Please reproduce the lines from the one containing "Flat 1 led lampe" through the end of the data below exactly as they stand, and omit all pictures.

***** Task input *****

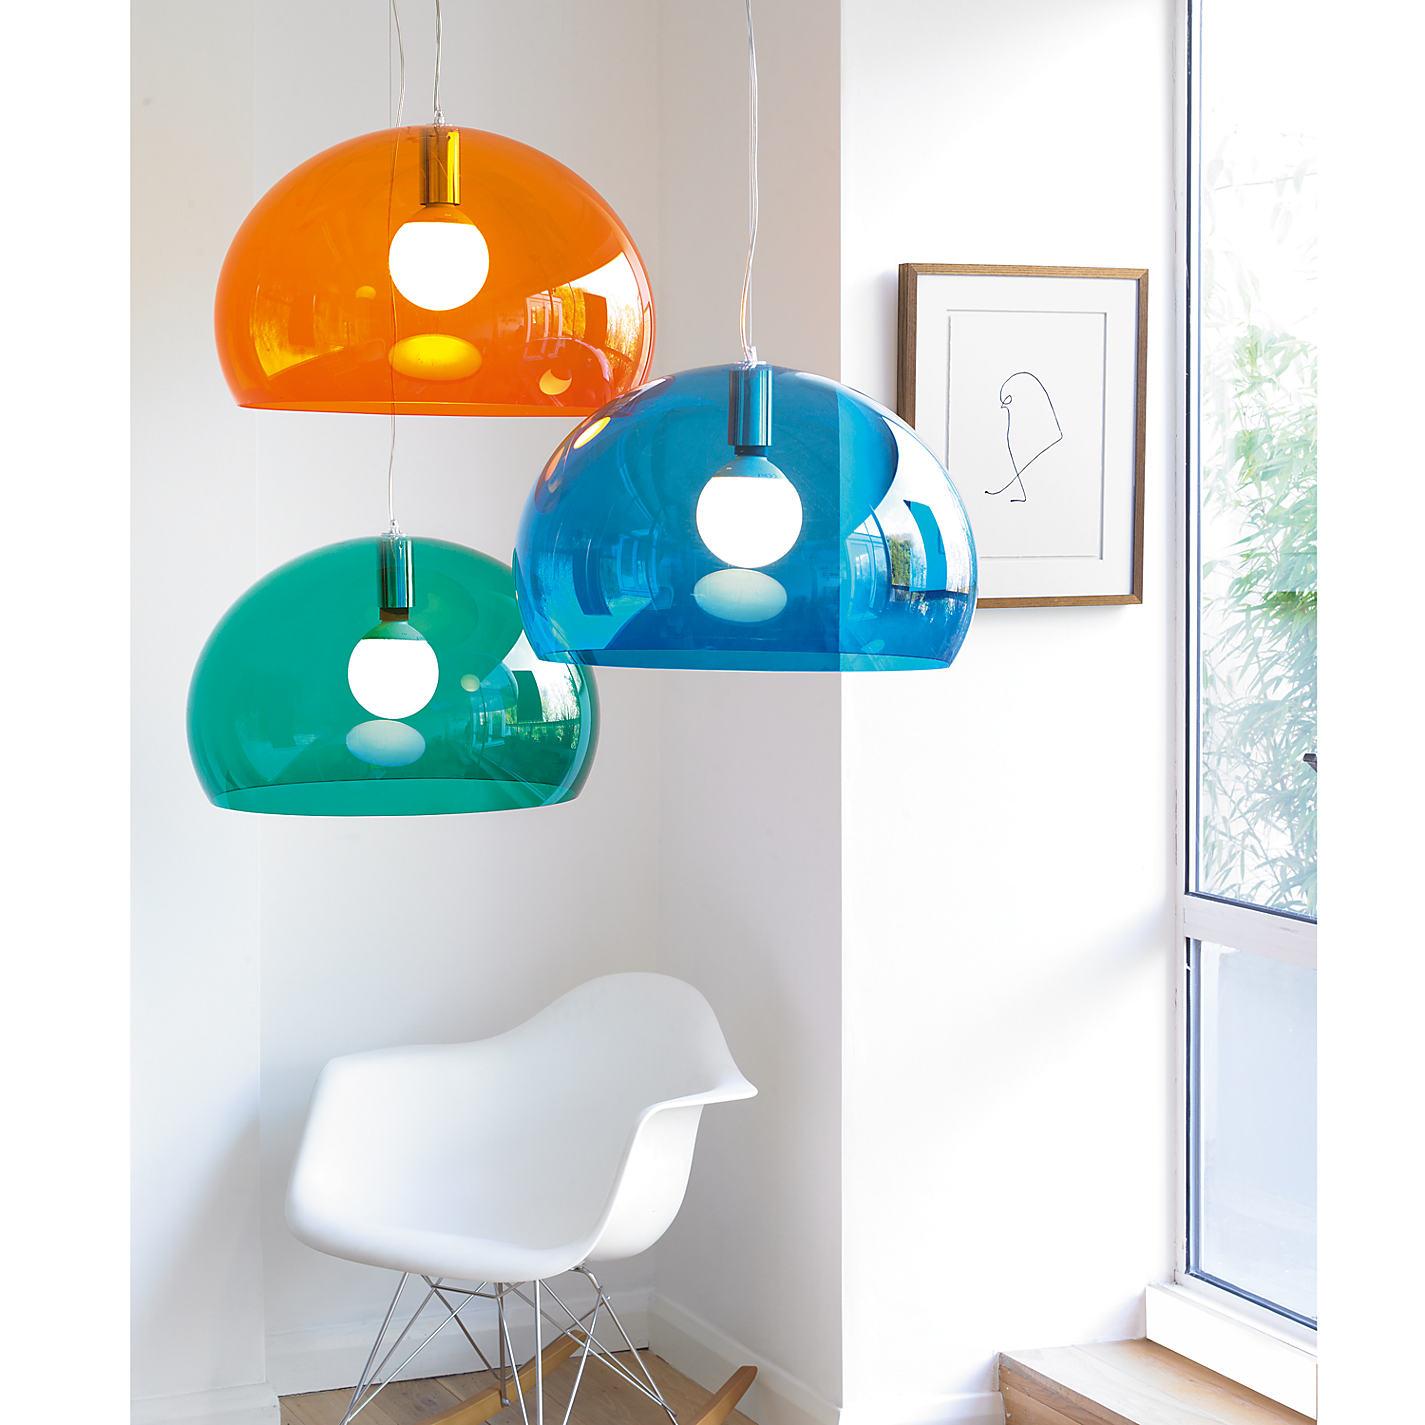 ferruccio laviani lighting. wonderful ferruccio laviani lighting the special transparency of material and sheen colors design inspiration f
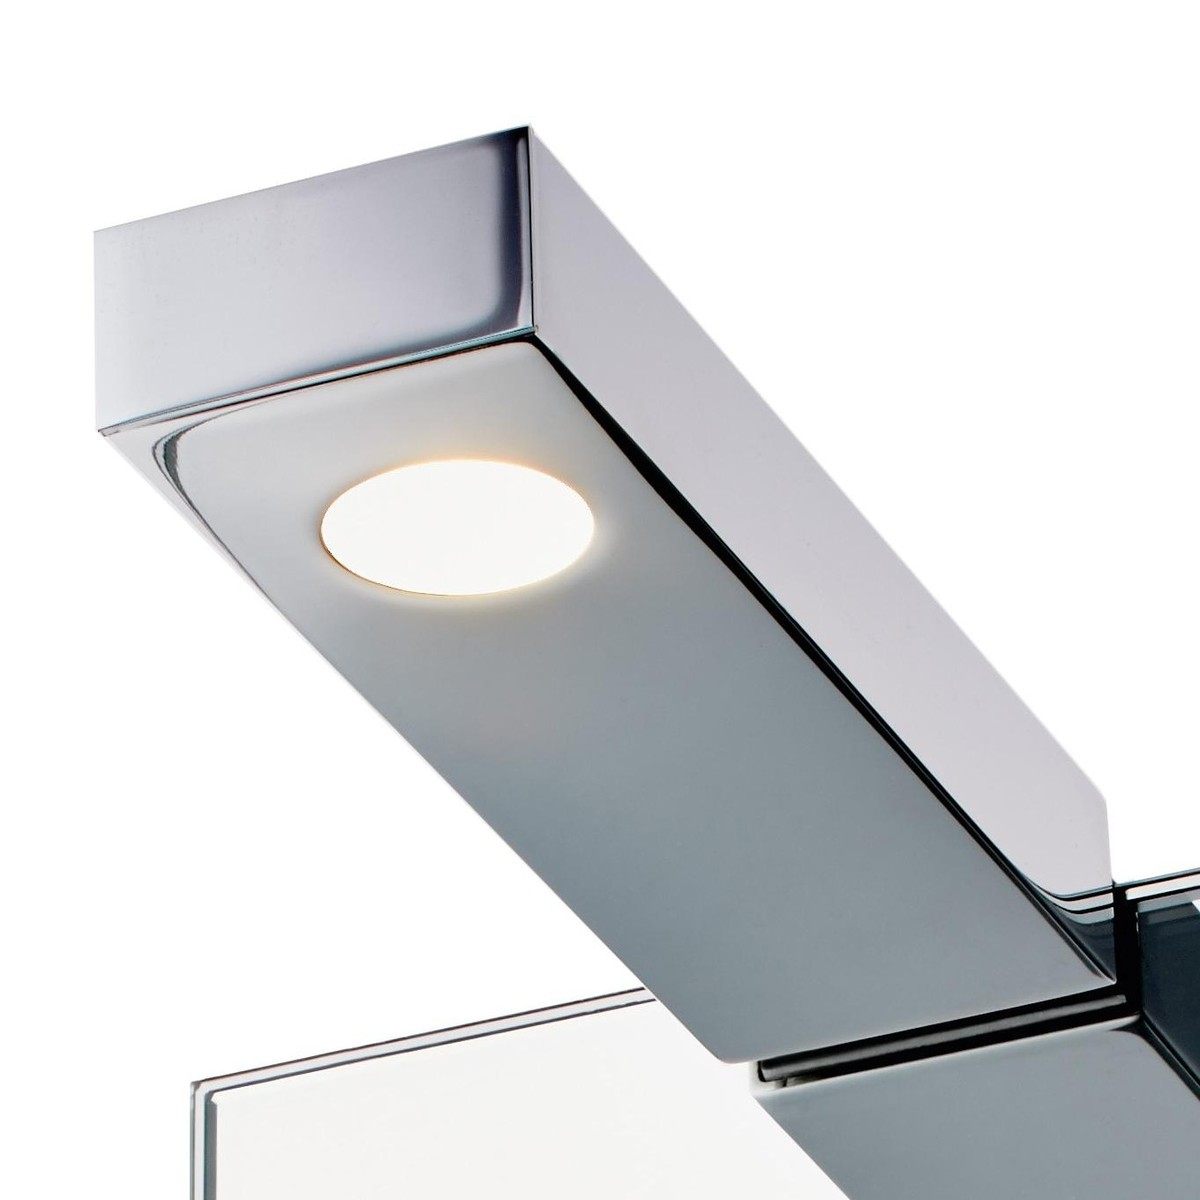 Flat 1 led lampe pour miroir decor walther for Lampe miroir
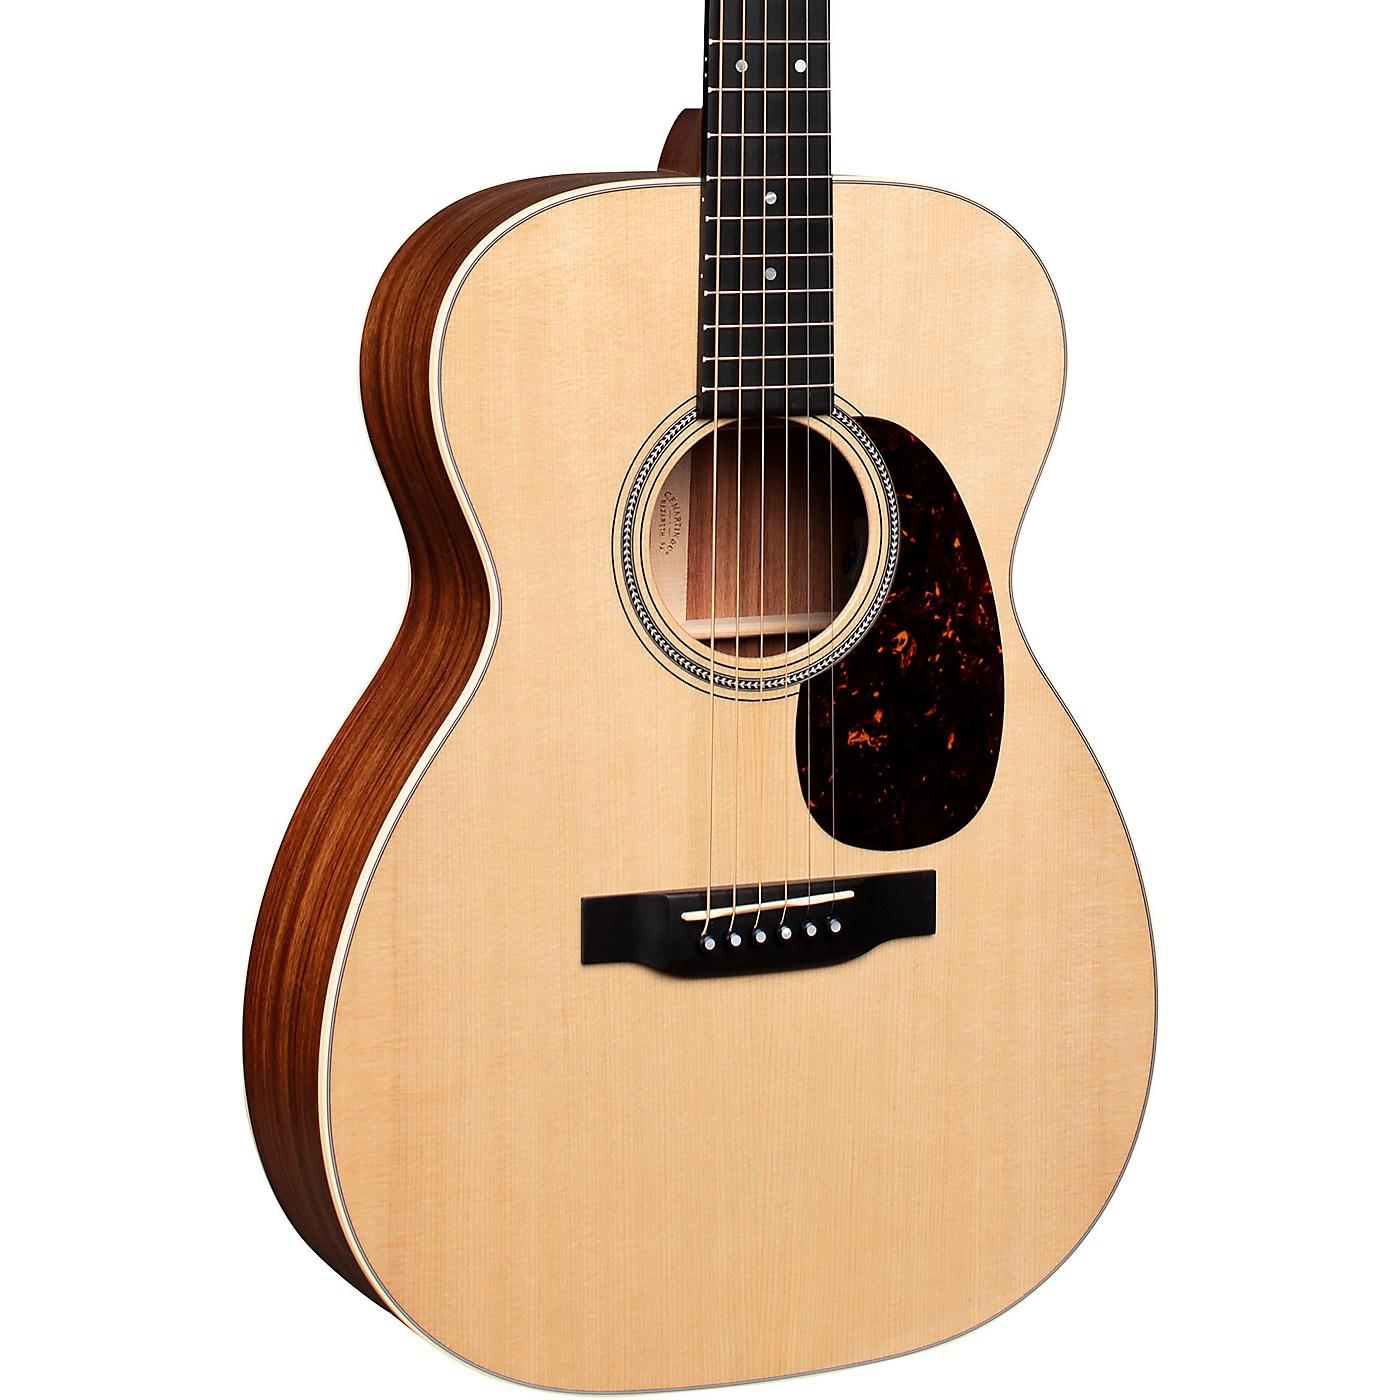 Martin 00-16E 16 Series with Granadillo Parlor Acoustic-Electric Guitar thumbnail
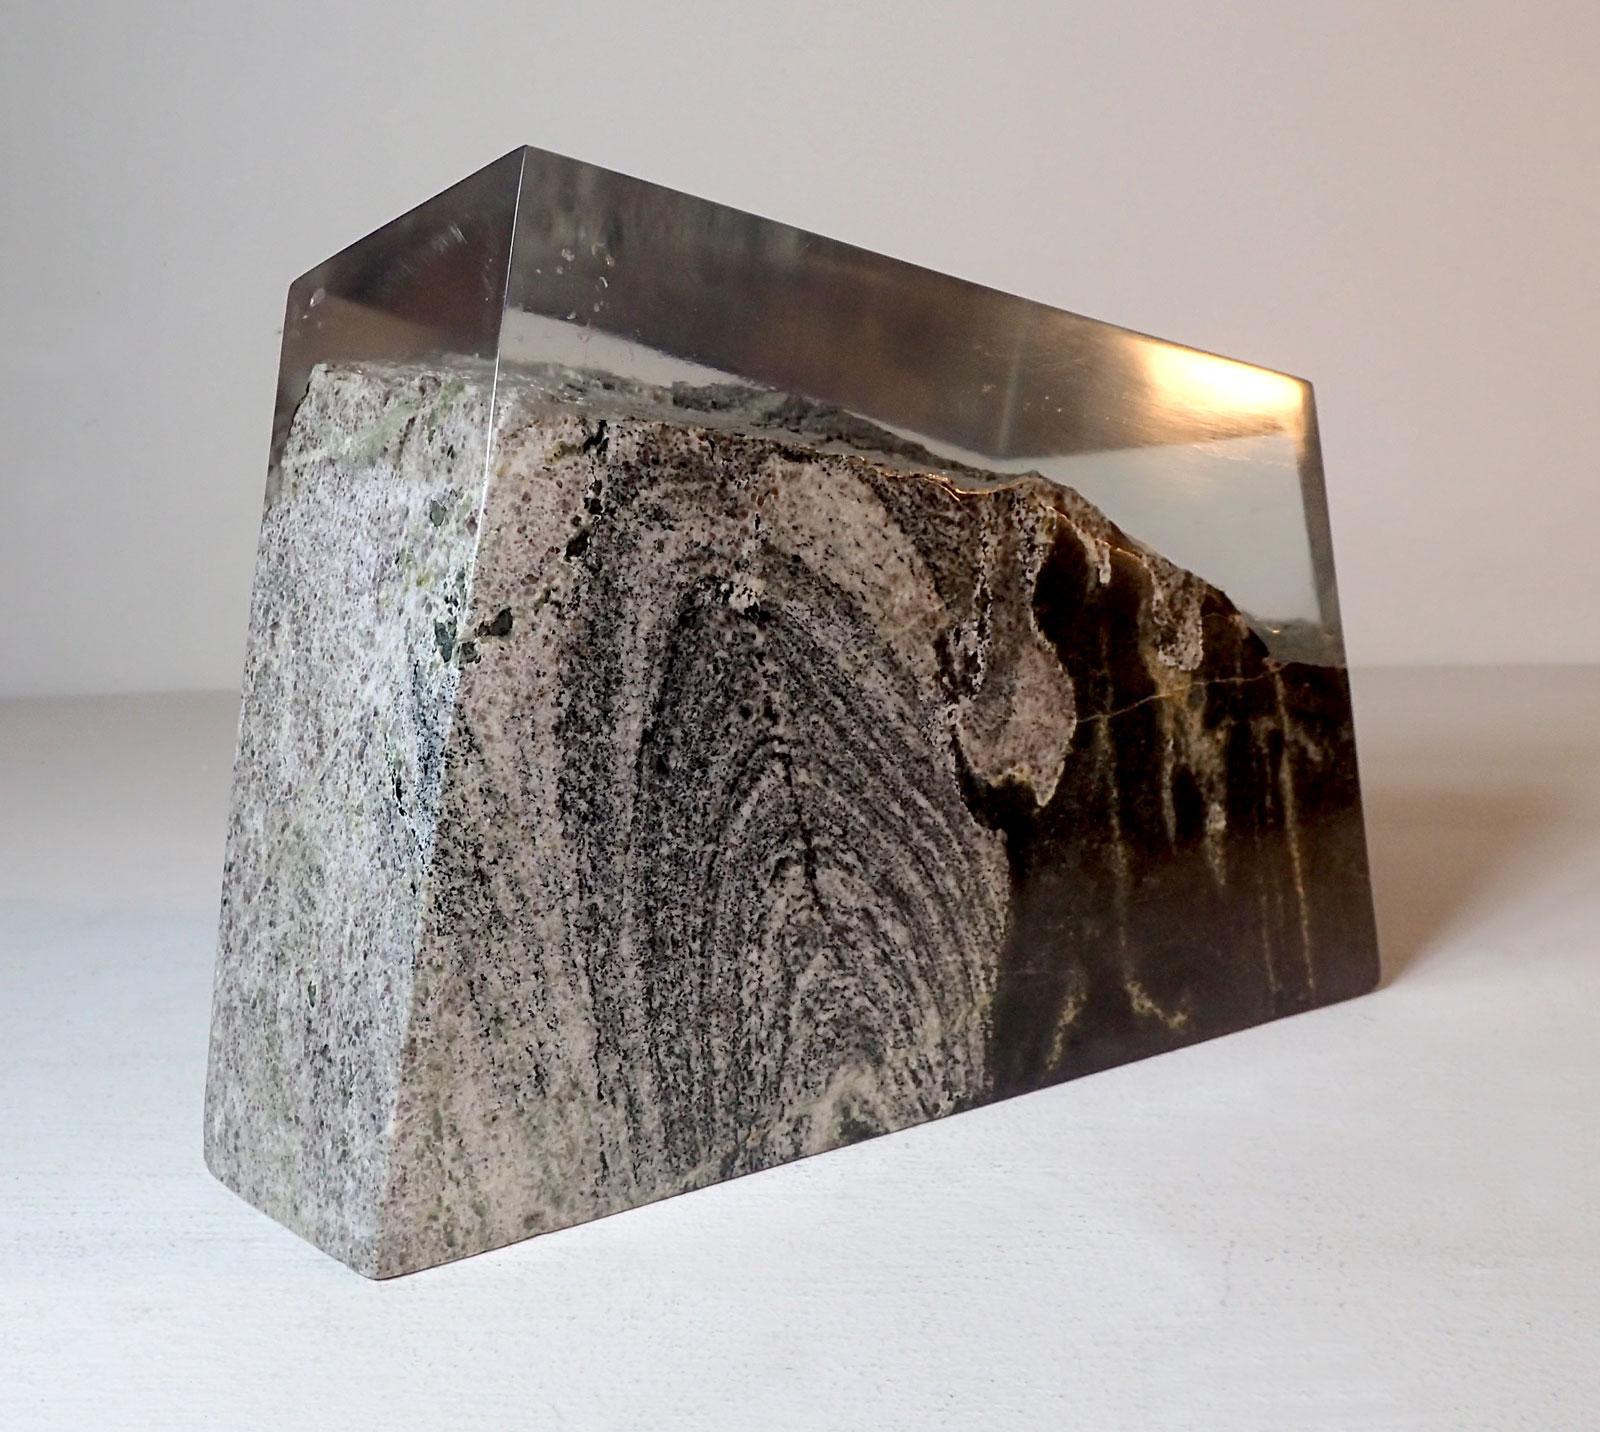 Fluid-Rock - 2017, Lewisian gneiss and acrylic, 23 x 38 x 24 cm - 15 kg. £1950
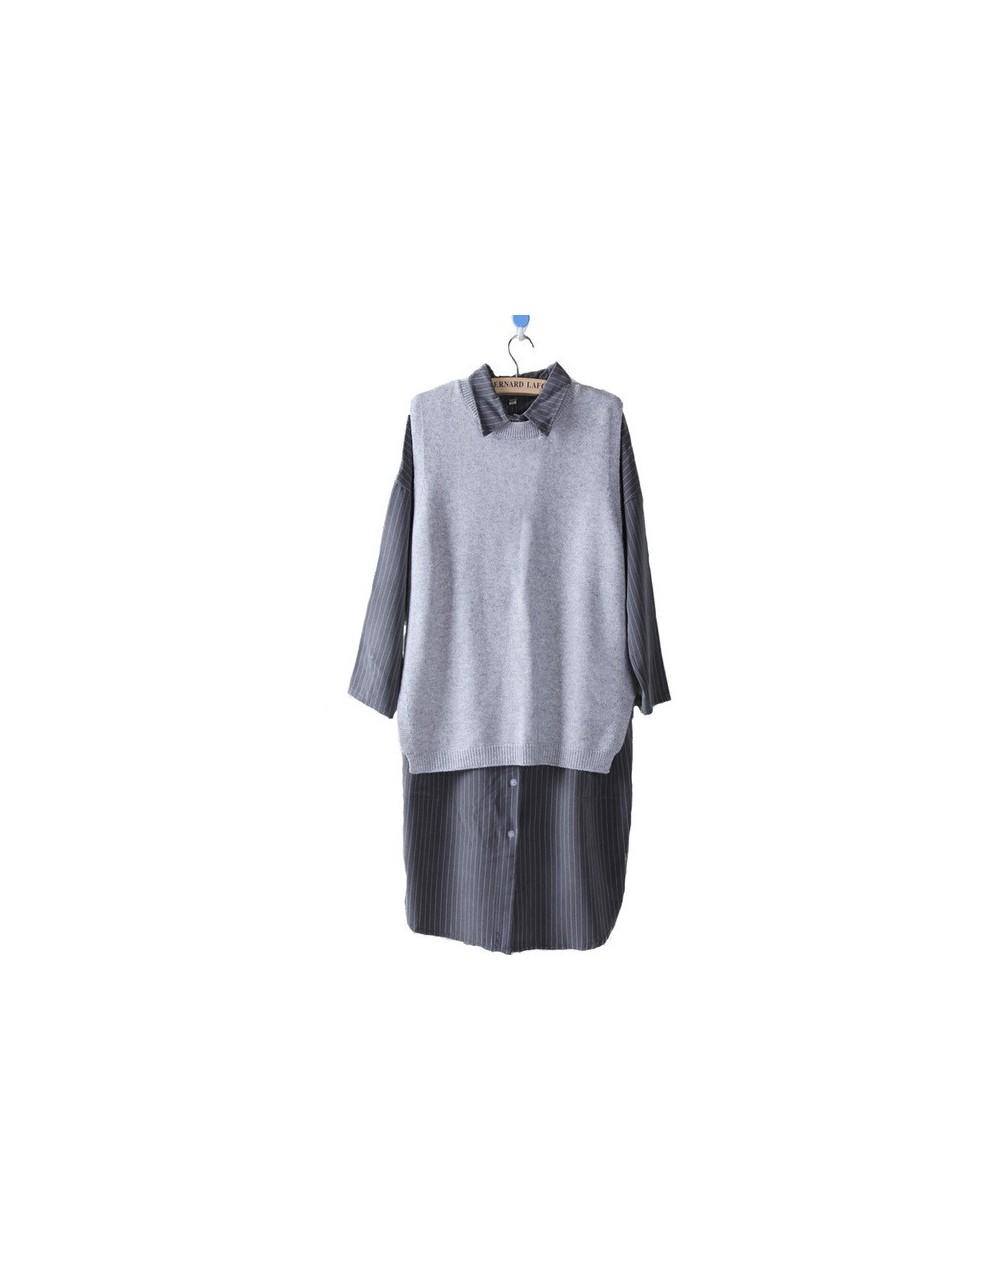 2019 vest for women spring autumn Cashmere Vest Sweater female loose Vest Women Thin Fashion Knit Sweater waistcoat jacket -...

*****

> **Output**
 Flat 1 led lampe pour miroir decor walther for Lampe miroir
 Martin 00-16E 16 Series with Granadillo Parlor Acoustic-Electric Guitar thumbnail
 Fluid-Rock - 2017, Lewisian gneiss and acrylic, 23 x 38 x 24 cm - 15 kg. £1950
 2019 vest for women spring autumn Cashmere Vest Sweater female loose Vest Women Thin Fashion Knit Sweater waistcoat jacket -...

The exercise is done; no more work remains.